Gleichgültigkeit gegenüber Menschenrechten und staatlicher Aggression sind auch bei Andrei Konchalovsky schmerzlich sichtbar Liebe Freunde ! (2020), wie 1962 eine Arbeiterdemonstration in der südrussischen Stadt Nowotscherkassk von Militär und KGB-Scharfschützen rücksichtslos niedergeschlagen wurde.
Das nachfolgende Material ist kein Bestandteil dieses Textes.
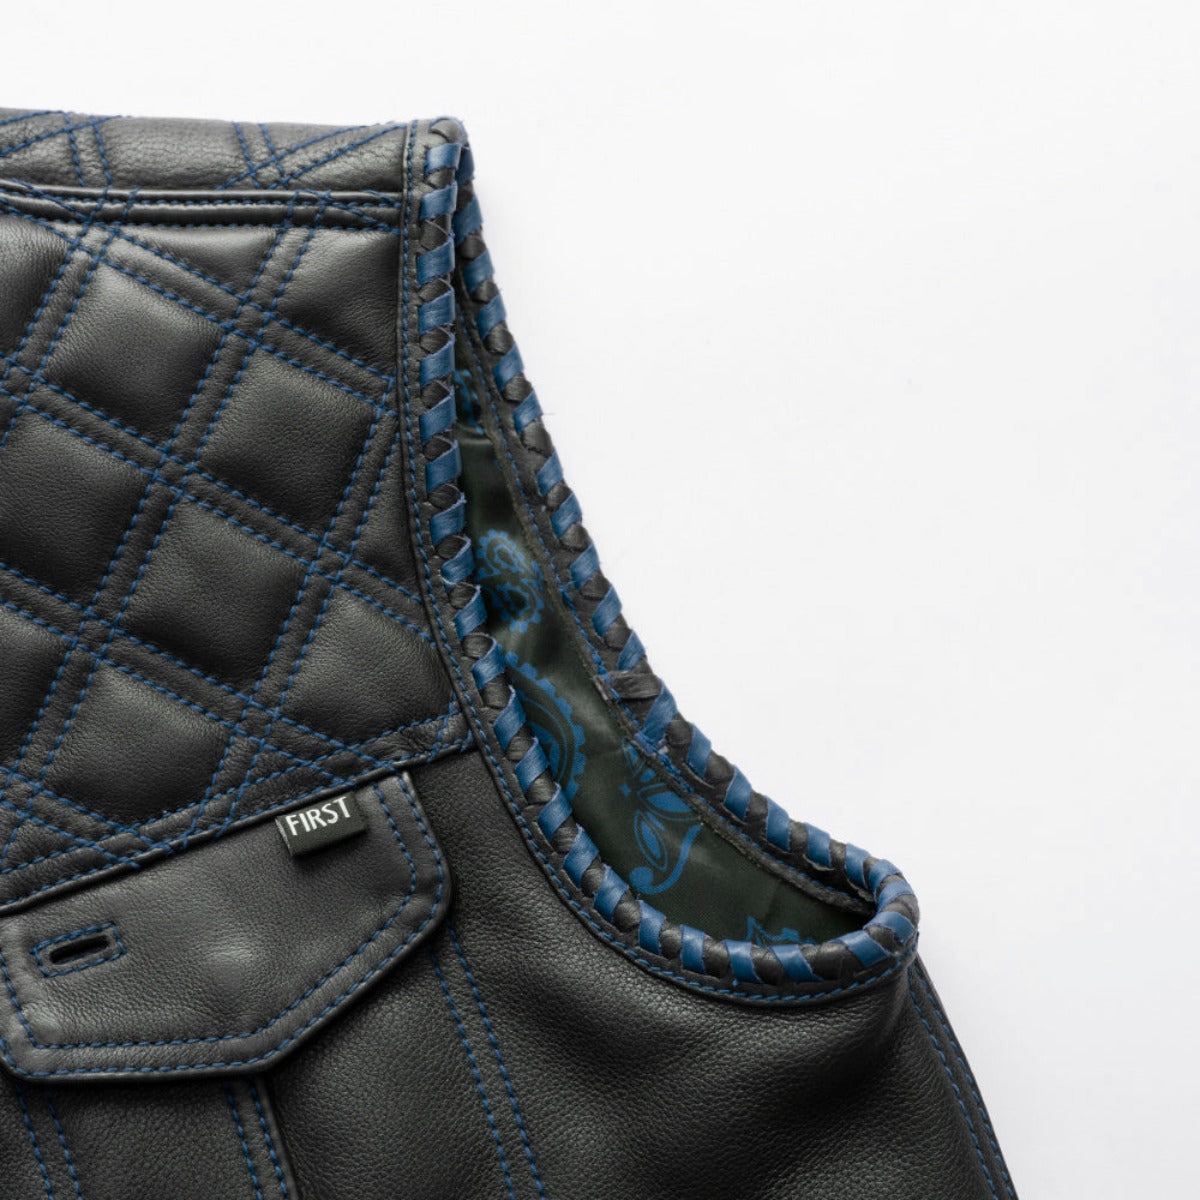 First Manufacturing Sinister - Men's Motorcycle Leather Vest, Black/Blue

Es gibt eine direkte Verbindung zwischen der sowjetischen Armee der Vergangenheit und der aggressiven Staatspolizei von heute, die jede Form von politischem Protest unterdrückt.

Liebe Freunde !

Nationale DNA
Übrigens hatte Konchalovsky wenig Mühe, über Putin zu sprechen, als wir mit ihm sprachen. „Sie im Westen haben ein völlig falsches Bild von Russland, genauso wie wir ein völlig falsches Bild vom Westen haben“, sagte der heute 85-jährige Russe zu Jos van der Burg. „Ich denke, es gibt eine nationale DNA, die Macht strukturiert. In den Niederlanden haben Sie ein bestimmtes politisches System, weil Sie es als Volk wollen, nicht weil es jemand für Sie bestimmt. In Russland ist es genauso. Russen lieben einen starken Anführer. Aber sobald er an der Macht ist, ändern sie ihre Meinung und hassen ihn. Plötzlich wird der Anführer für alles verantwortlich gemacht.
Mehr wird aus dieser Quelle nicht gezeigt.